Primary Purpose: Treatment
Official Title: Randomized Open-label Study in Mild and Moderate Patients With Takayasu Arteritis Between Methotrexate and Tofacitinib Based on the ECTA Cohort.
Actual Study Start Date : March 1, 2020
Estimated Primary Completion Date : December 31, 2022
Estimated Study Completion Date : December 31, 2023

Resource links provided by the National Library of Medicine


Arm Intervention/treatment
Active Comparator: methotrexate
This group of 38 TAK cases are prescribed with methotrexate tablets (Dose: 15.0 mg. qw. p.o.) for 24 weeks.
Drug: Methotrexate Tablets

The methotrexate group is prescribed with methotrexate Tablets for 24 weeks, and the disease activity is monitored in the follow-up (primary endpoint).

After 24 weeks of treatment, if the disease is alleviated, then the usage of methotrexate is maintained for another 24 weeks, otherwise (resistant), patients would be given tofacitinib (5.0mg.bid.p.o.) for 24 weeks instead.

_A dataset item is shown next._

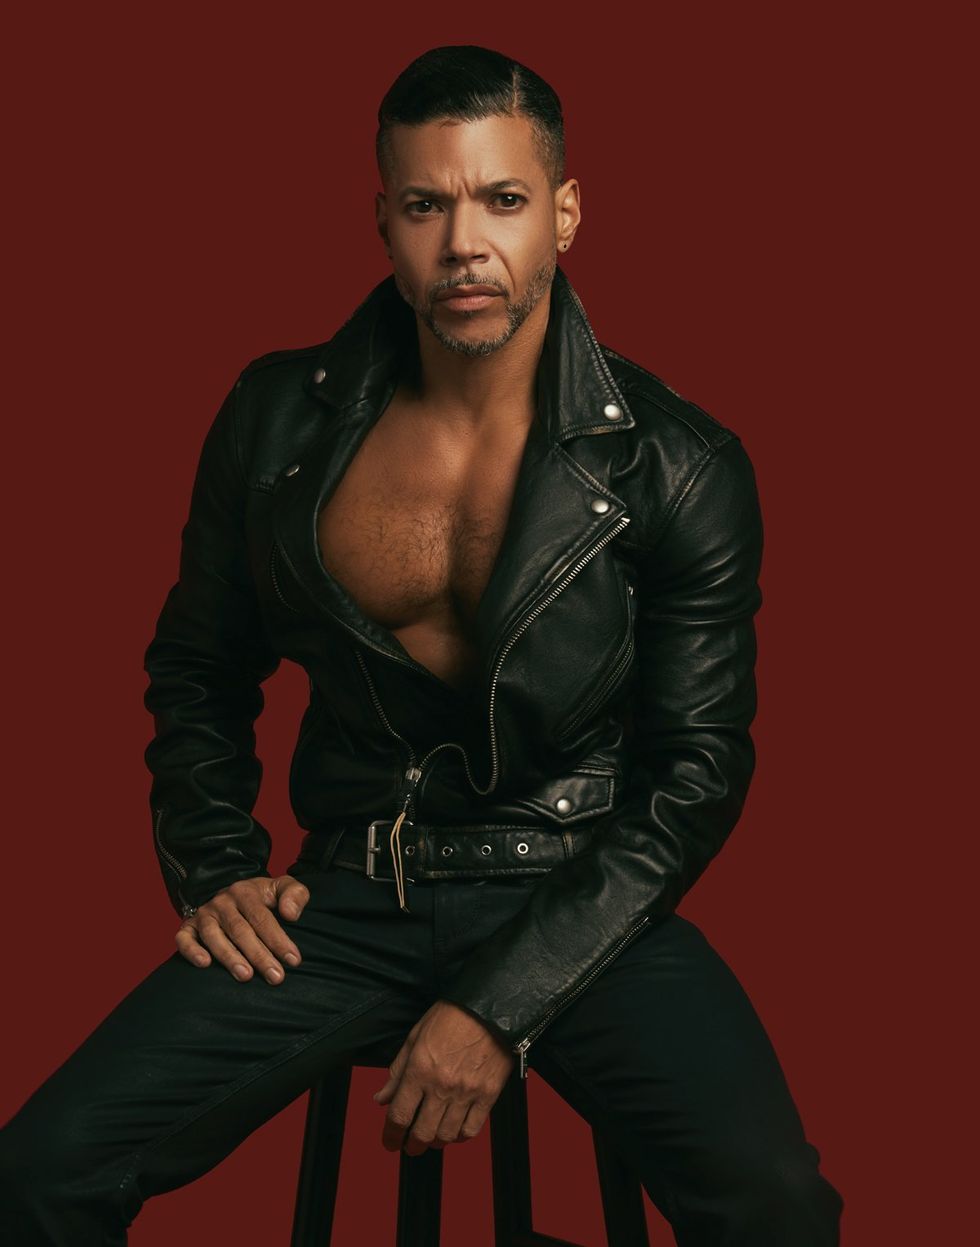 Photo Gallery Q&A: Meet NYC based gay celebrity photographer Mike Ruiz and his LGBTQ+ subjects Wilson Cruz

Other Name: methotrexate pills

Experimental: Tofacitinib
This group of 38 TAK cases are prescribed with tofacitinib tablets (Dose: 5.0 mg. bid. p.o.) for 24 weeks.
Drug: Tofacitinib tablet

The tofacitinib group is prescribed with tofacitinib tablets for 24 weeks, and the disease activity is monitored in the follow-up (primary endpoint).

After 24 weeks of treatment, if the disease is alleviated, then the usage of tofacitinib is maintained for another 24 weeks, otherwise (resistant), patients would be given methotrexate (15.0mg.qw.p.o.) for 24 weeks instead.

Other Name: Xeljanz




Primary Outcome Measures :
  1. Disease remission at 24 weeks. [ Time Frame: 24 weeks ]
    comparison of clinical remission rate between tofacitinib and methotrexate groups at the end of 24th week follow-up;


Secondary Outcome Measures :
  1. Disease remission at 48 weeks. [ Time Frame: 48 weeks ]
    comparison of clinical remission rate between tofacitinib and methotrexate groups at the end of 48th week follow-up;

  2. Prednisone dose reduction at endpoint [ Time Frame: 24 weeks and 48 weeks. ]
    comparison of targeted prednisone usage between tofacitinib and methotrexate groups at the end of 24th and 48th week follow-up;

  3. disease relapse in the follow-up [ Time Frame: At the time point of 2 weeks, 4 weeks, 8 weeks, 12 weeks, 16 weeks, 20 weeks, 24 weeks, 36 weeks, 48 weeks. ]
    comparison of relapse between tofacitinib and methotrexate groups; (Relapse is defined as: (1) Major relapse: Major relapse Recurrence of active disease with either of the following: a. Clinical features of ischaemia* (including jaw claudication,visual symptoms, visual loss attributable to TAK, scalp necrosis, stroke, limb claudication). b. Evidence of active aortic inflammation resulting in progressive aortic or large vessel dilatation, stenosis or dissection. (2) Minor relapse: Recurrence of active disease, not fulfilling the criteria for a major relapse. )

  4. Vascular progression in angiographic examination at 6 months and 12 months. [ Time Frame: 24 weeks and 48 weeks. ]
    comparison of vascular change with MRA, CTA, or doppler ultrasound angiographic examinations between tofacitinib and methotrexate groups;

  5. Change of the quality of life with questionnaire SF-36 [ Time Frame: At the time point of 2 weeks, 4 weeks, 8 weeks, 12 weeks, 16 weeks, 20 weeks, 24 weeks, 36 weeks, 48 weeks. ]
    comparison of quality of life between tofacitinib and methotrexate groups with the 36-Item Short Form Health Survey questionnaire (SF-36) (Scores:0~100, lower score means more disability)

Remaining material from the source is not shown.